同理，对这两列按递减顺序排序，也可以使用索引：

select class, model from aircrafts_v order by class desc, model desc;

 class |        model        
-------+---------------------
     3 | Boeing 777-300
     2 | Boeing 767-300
     2 | Boeing 737-300
     2 | Airbus A321-200
     2 | Airbus A320-200
     2 | Airbus A319-100
     1 | Sukhoi SuperJet-100
     1 | Cessna 208 Caravan
     1 | Bombardier CRJ-200
(9 rows)

explain(costs off)
select class, model from aircrafts_v order by class desc, model desc;

                           QUERY PLAN                            
-----------------------------------------------------------------
 Index Scan BACKWARD using aircrafts_case_model_idx on aircrafts
(1 row)

但是，如果对一列按递增顺序排序，对另一列按递减顺序排序，则无法使用这个索引：

explain(costs off)
select class, model from aircrafts_v order by class ASC, model DESC;

                   QUERY PLAN                    
-------------------------------------------------
 Sort
   Sort Key: (CASE ... END), aircrafts.model DESC
   ->  Seq Scan on aircrafts
(3 rows)

可以看出，虽然禁用了顺序扫描，但是优化器还是选择了顺序扫描。
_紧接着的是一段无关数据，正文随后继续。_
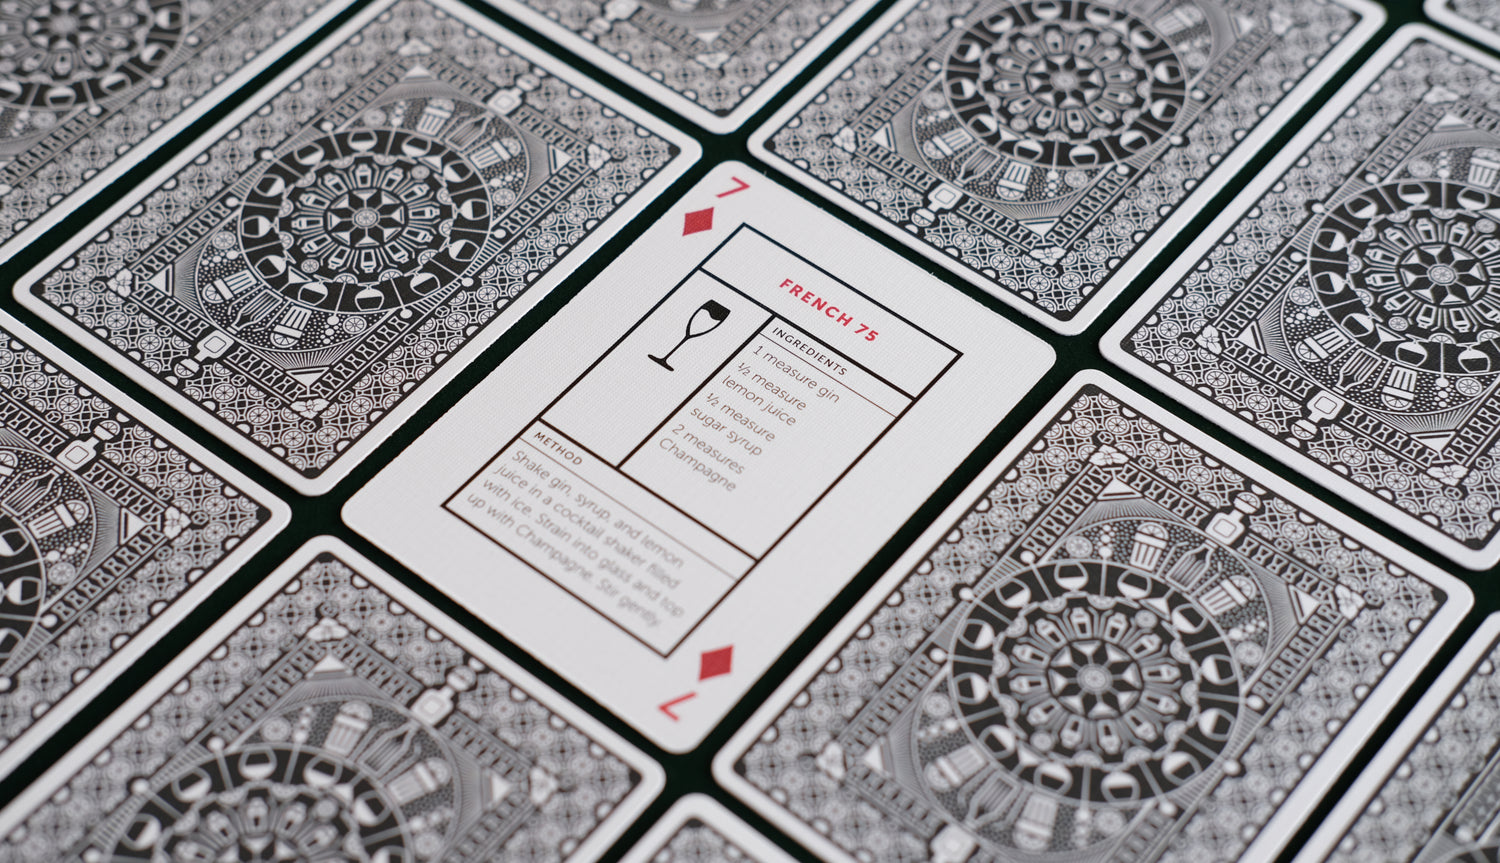 The French 75 Cocktail Card (7 diamonds) shown face up tiled with other cards shown face down.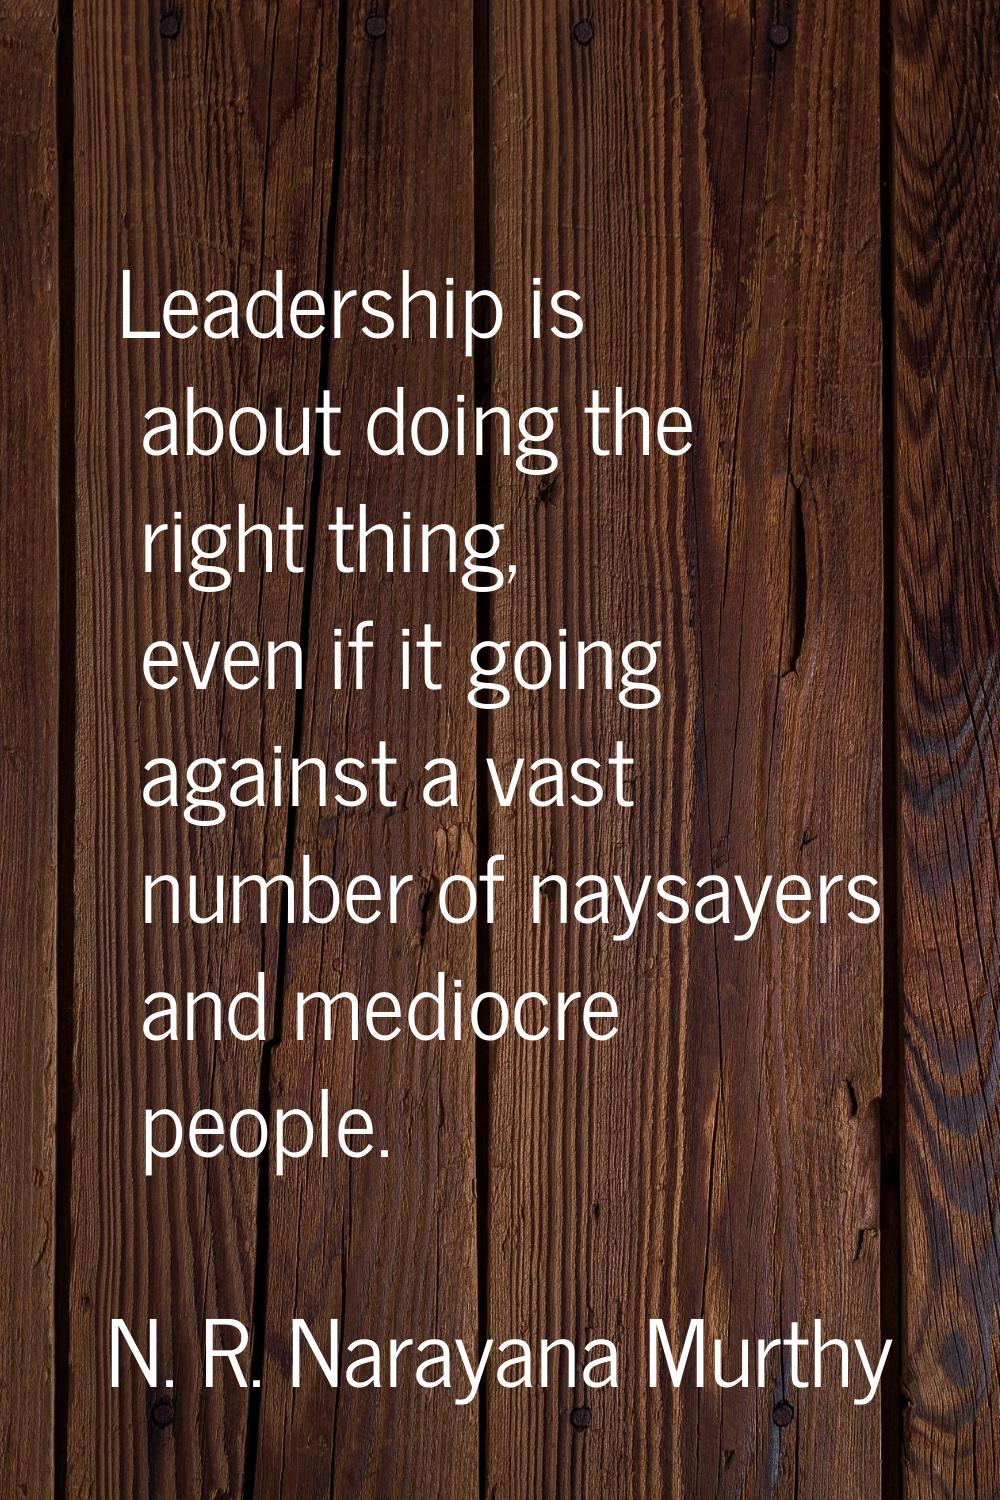 Leadership is about doing the right thing, even if it going against a vast number of naysayers and

这是因为，所谓的禁用顺序扫描，PG内部仅仅将顺序扫描的代价调高，使得优化器尽量不选顺序扫描，而不是不生成顺序扫描的计划。当没有更优的计划时，即使禁用顺序扫描，优化器仍然会选择顺序扫描。

为了使用索引，必须让索引列按照指定的顺序排序：

create index aircrafts_case_asc_model_desc_idx on aircrafts(
 (case
    when range < 4000 then 1
    when range < 10000 then 2
    else 3
  end) ASC,
  model DESC);

explain(costs off)
select class, model from aircrafts_v order by class ASC, model DESC;

                           QUERY PLAN                            
-----------------------------------------------------------------
 Index Scan using aircrafts_case_asc_model_desc_idx on aircrafts
(1 row)

3.2 索引定义中列的顺序

多列索引中的值根据下面的方式排序：先比较第一个字段；第一个字段相同时，再比较第二个字段；以此类推。就像对字符串比较大小一样。

在上面的索引中，使用class = 3（仅比较第一个字段）或class = 3 and model = ‘Boeing 777-300’查询索引都会非常高效。

但是当仅使用model = ‘Boeing 777-300’一个条件查询时就会非常低效，优化器在这种情况下，也不会选择索引扫描。因为第一个索引列没有被使用。这并不难理解，在此不再赘述。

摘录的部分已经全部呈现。